Subject to restrictions on social distancing and exercising, you might find it beneficial to get out for 15-20 minutes of fresh air before your workday starts. Once you start, plan out your day, arrange your priority list, take breaks as you would normally etc.

Maintain Professionalism

If you are required to attend conference calls and video-calls whilst working from home, ensure you  look and sound as professional as you would if you were in the office, e.g. don’t be crunching on your brekkie during an early morning call (!). Look presentable on video-calls etc.

Prove your Productivity

Firstly, if you can work from home during this crisis, you are one of the lucky ones; compared to hundreds of thousands of workers in the country right now who we know have been temporarily laid off as their employer has no work, and no other options.

You should use this opportunity to demonstrate how productive and resourceful you can be; focus on targets, keep lists of actions and update your line manager on your progress. You will feel encouraged and motivated by what you can achieve.

Adapt to new technology

Just in the last two weeks alone I have used three different online meeting platforms. This can be daunting and, in some way or another, we are all being thrown into the new and the unknown at present. Don’t panic!

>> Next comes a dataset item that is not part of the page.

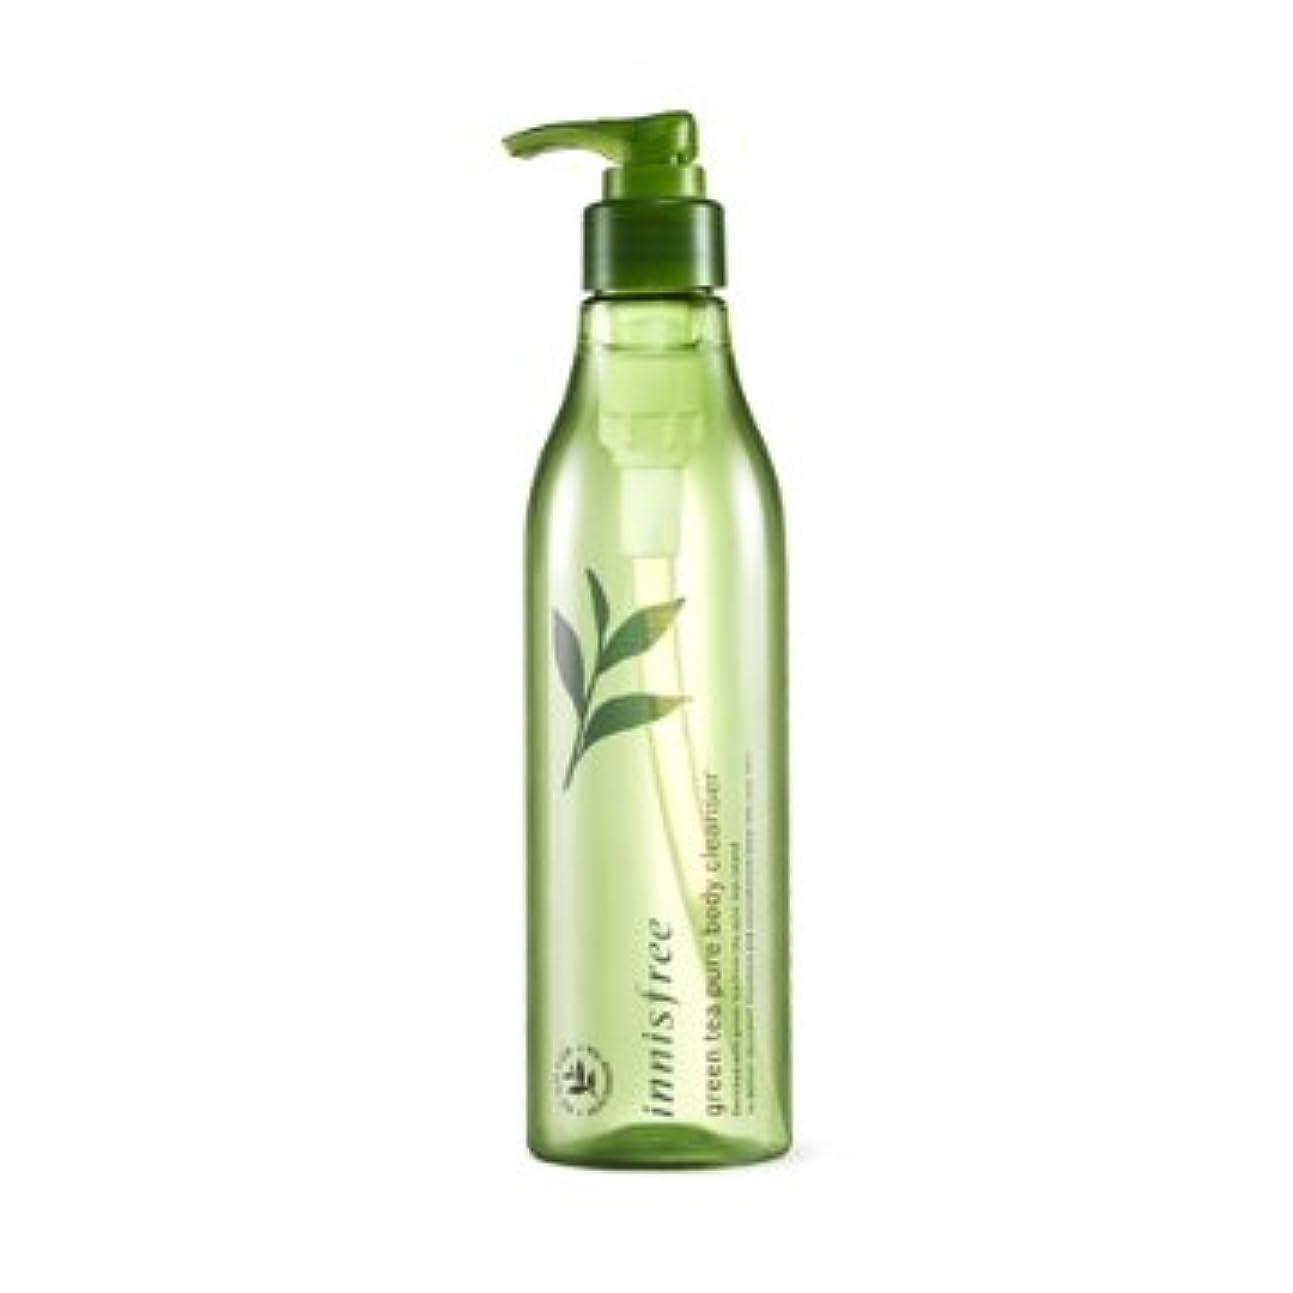 抽象化カカドゥマトン【イニスフリー】Innisfree green tea pure body cleanser - 300ml (韓国直送品) (SHOPPINGINSTAGRAM)
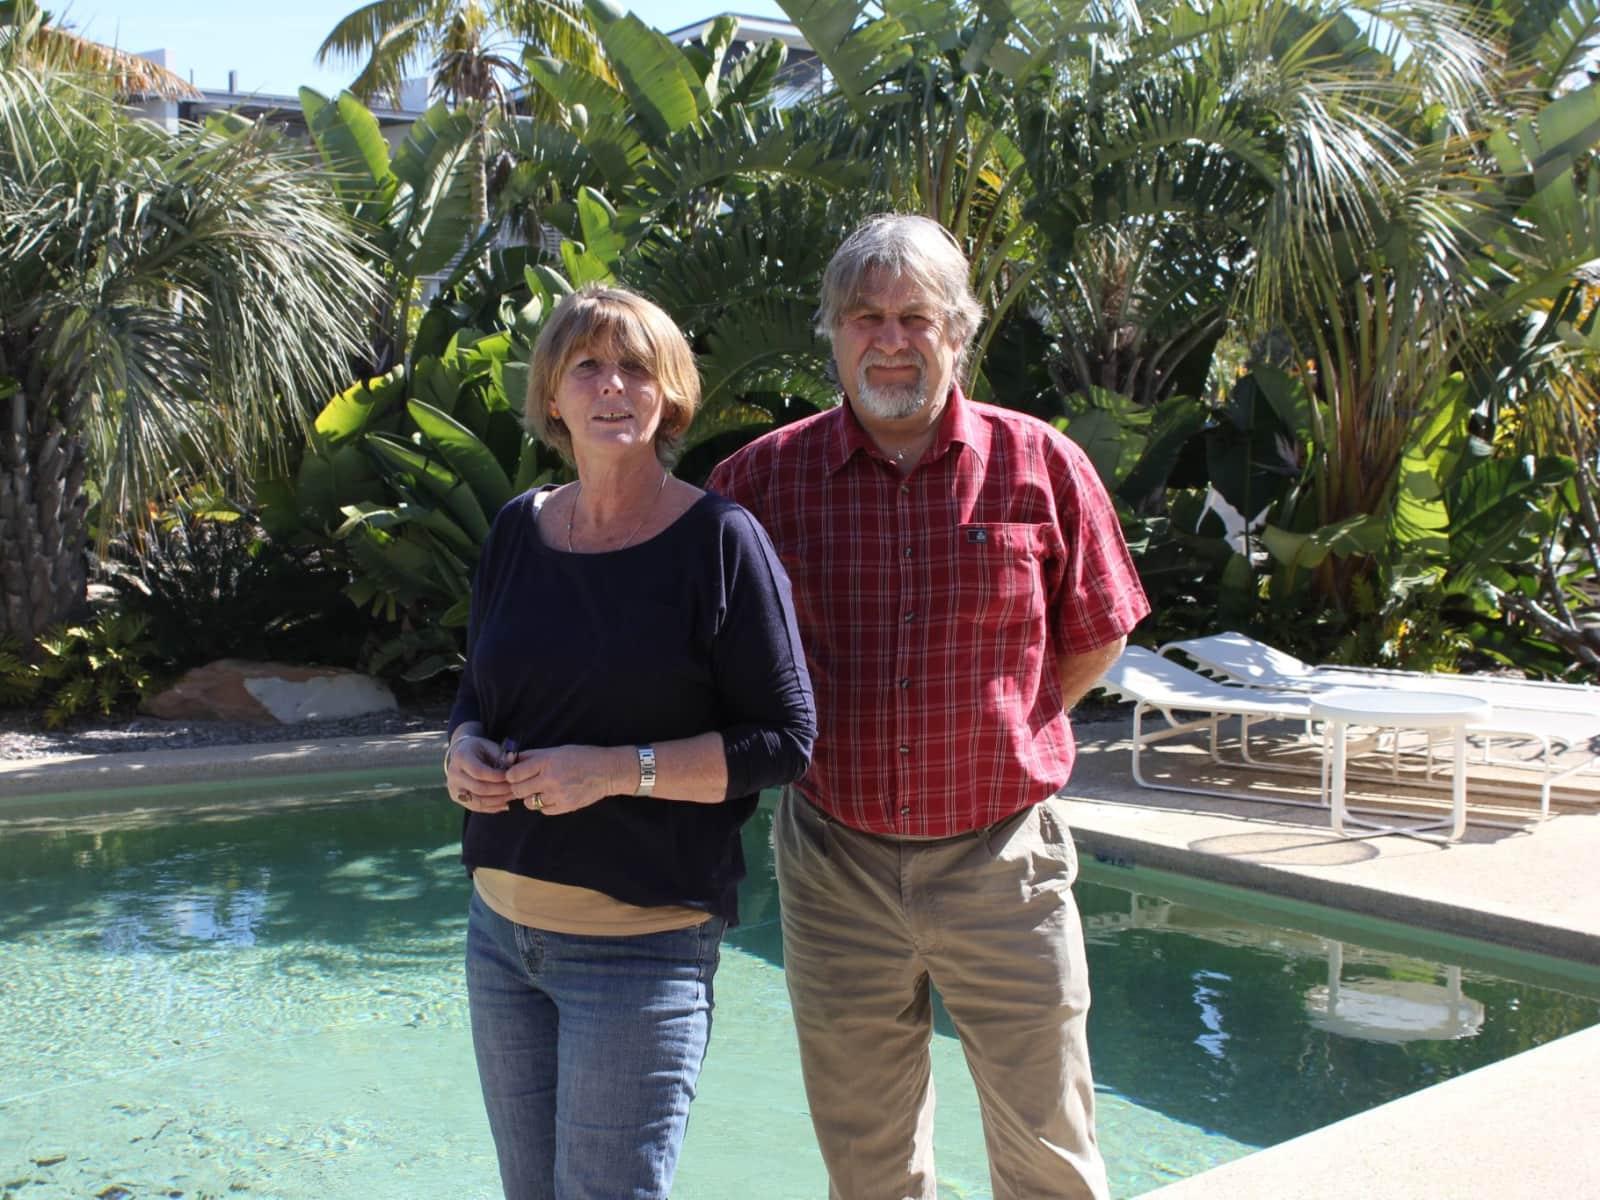 Maureen from Coolum Beach, Queensland, Australia

There are plenty of online resources out there, e.g. video links, LinkedIn blogs to help you to navigate all this new technology. And, if you are ensure, just ask your line manager/employer for help – if anything, it will demonstrate to them that you are determined to make your new way of working a success!

Managing your Mental Health during Covid-19

We are living and working in unprecedented times. Many of us are facing challenges now, which we have never faced before.

These changes can, and will, have an impact on our mental health. Therefore, we all need to look after, and mind, our mental health, now more than ever.

There are various support organisations who can assist with supporting, enhancing and improving positive mental health such as the Samaritans, Aware and Pieta House.

These organisations are there to support anyone experiencing mental health difficulties at this time, or at any time. Any of the following organisations can be contacted, CONFIDENTIALLY, and FREE OF CHARGE.

Stay in touch 

There are other ways to keep in touch and, with a little “effort”, we can adapt and make the best out of a challenging and difficult situation.

  • Set up WhatsApp groups with your friends and family members to keep in touch
  • Facetime your friends and relatives and share a “virtual cuppa” with them
  • Use any social media as a positive outlet for positive messages of support and encouragement

Covid-19 has hit us all hard and fast but, as with any crisis, positive opportunities can arise.

Employers and employees should use this opportunity to highlight the mutual benefits, effectiveness and the win-win situation which can be achieved with remote-working.